I figured I'd throw an update on here of my progress and if anyone has ideas or opinions I would welcome learning from the experience of others.

This is a 70 Tempest that had sat for a few months before I bought it. I had a mechanic replace brake lines and look at a transmission leak before I brought it home. Seeing as the windshield and the rear window had small leaks there was water in the carpet, and living in Southeastern Georgia, it really never dried out, so it is fairly musty and smells. So, I put on a mask and tore out the seats, the carpet, and the interior panels. I am leaving the dash in for now because that is going to be a project in itself. Here is what I have learned so far:

The original color of the car, and the interior was gold. The interior was painted blue to match the outside of the car. I also found that the interior was painted without removing the pieces. Any place that was covered, or not accessible is still gold. The carpet also looks like it was painted, or just wicked dirty. Any place that was covered was still a gold color. 
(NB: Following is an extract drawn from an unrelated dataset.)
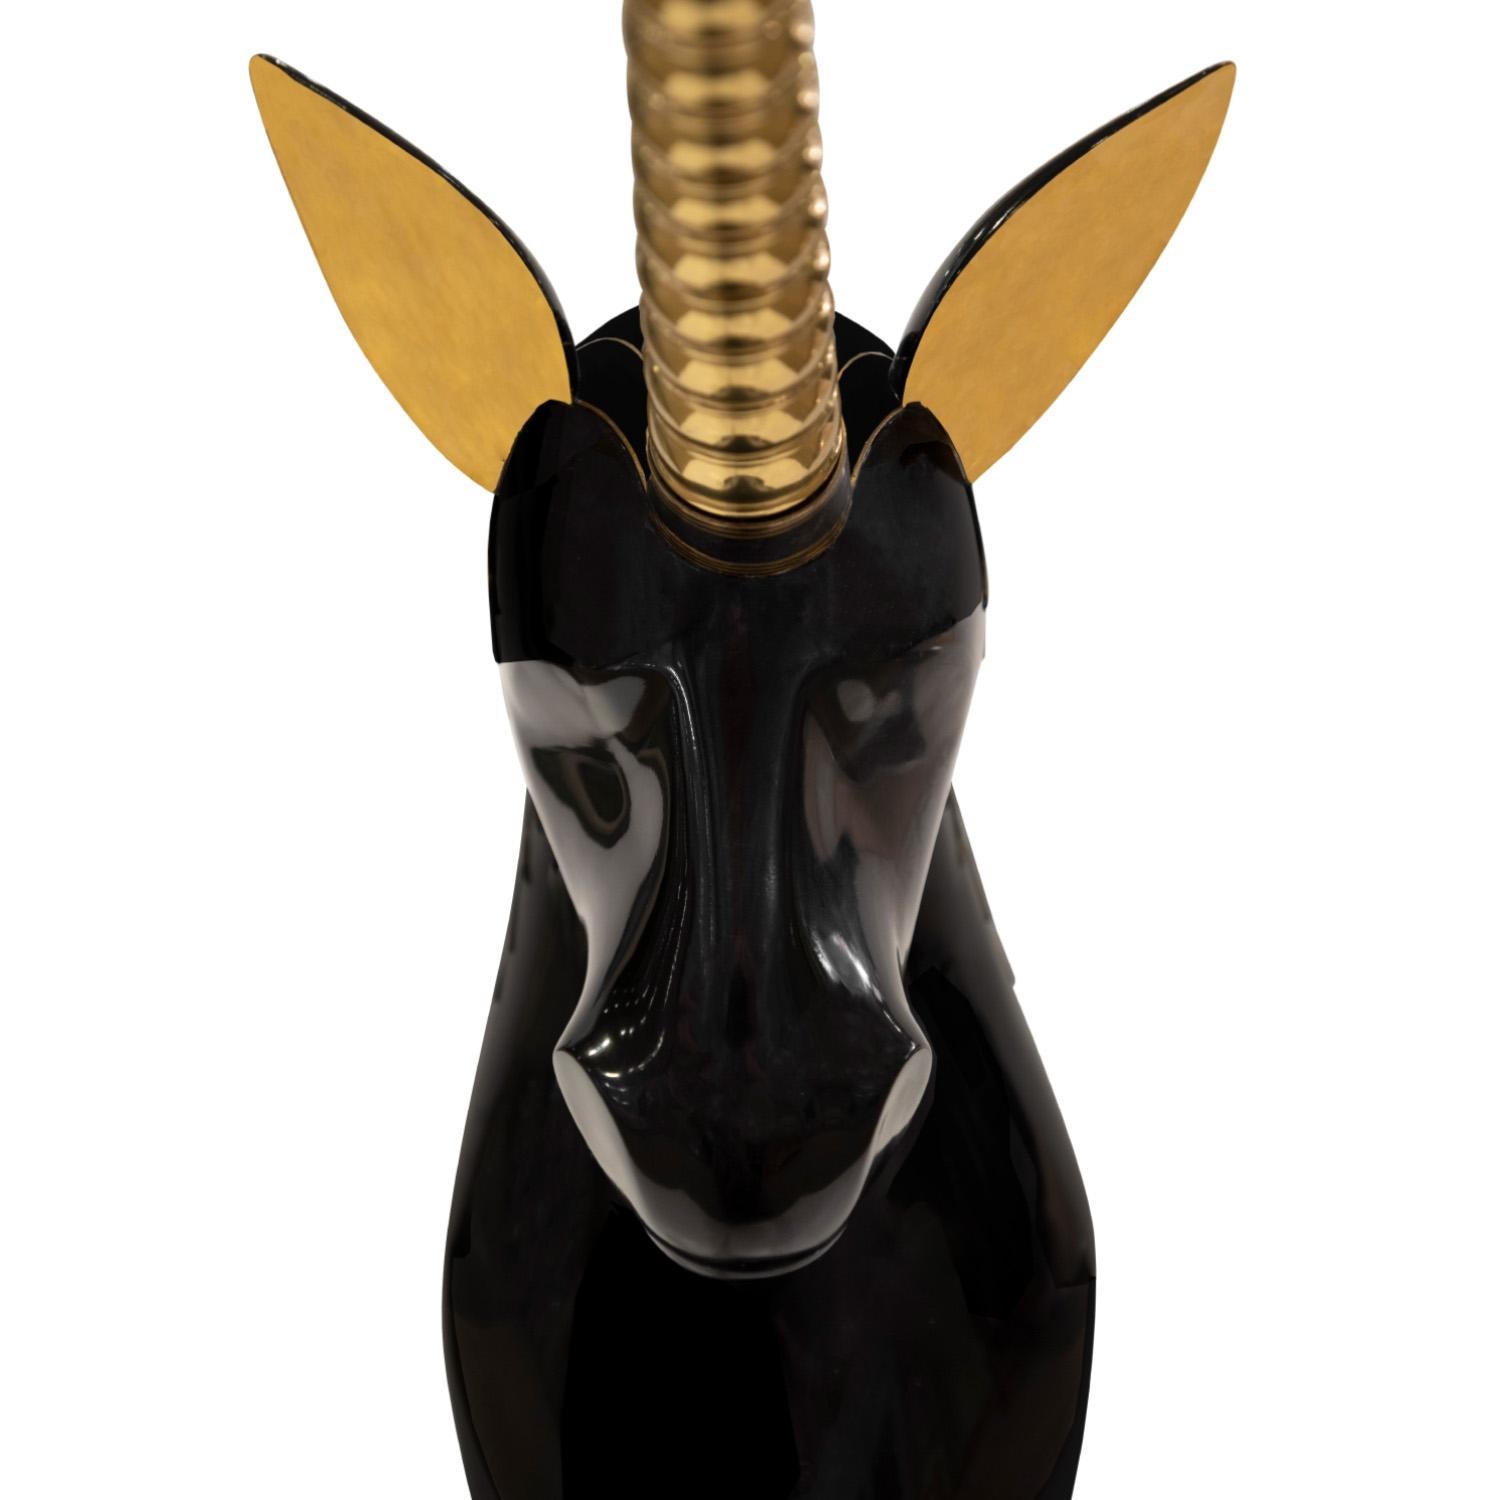 Modern Roberto Estevez Incredible Large Unicorn Sculpture 1979 'Signed and Numbered' For Sale

With the leaks I was afraid the floor would be rusted through. I found some surface rust where water had settled. I put a fan in the car for a day and dried everything out. The rust came off with a wire wheel and I am going to just spray primer over it. I am also considering covering it with POR-15 instead. I just need to find an auto paint store to get it from.

The headliner was just hanging by threads and was fairly nasty. I took it out and left the bows in the roof so I remember where they are supposed to be. The bonus here is that the PO had bought a headliner, but never had it installed. After looking at threads here and videos on Youtube I am pretty confident that I can install it. If not, I am really no further behind than I was.

The front seats are fairly nasty. I have another thread going right now to help me decide what to do with them.

I also have a new carpet sitting in a box waiting to go in. So I figure I am going to wire wheel the rest of the surface rust (Hope that I don't uncover anything too nasty). Then I am going to vacuum all the crap out of it and seal whatever areas I wire wheeled. Once that is done, I will throw the headliner in, lay the carpet down and get started with switching all of the upholstery over to black. Somewhere in the process I am also going to pull out the windshields and replace the seals in them (and the side windows) so I don't have this water issue again. 

I have a guy that wants to trade my weld wheels for a set of torque thrust wheels. He is bringing them over tonight so I can see how they look. I am hoping to restore this to more of a stock stance, so I am hoping that they are what I am looking for. 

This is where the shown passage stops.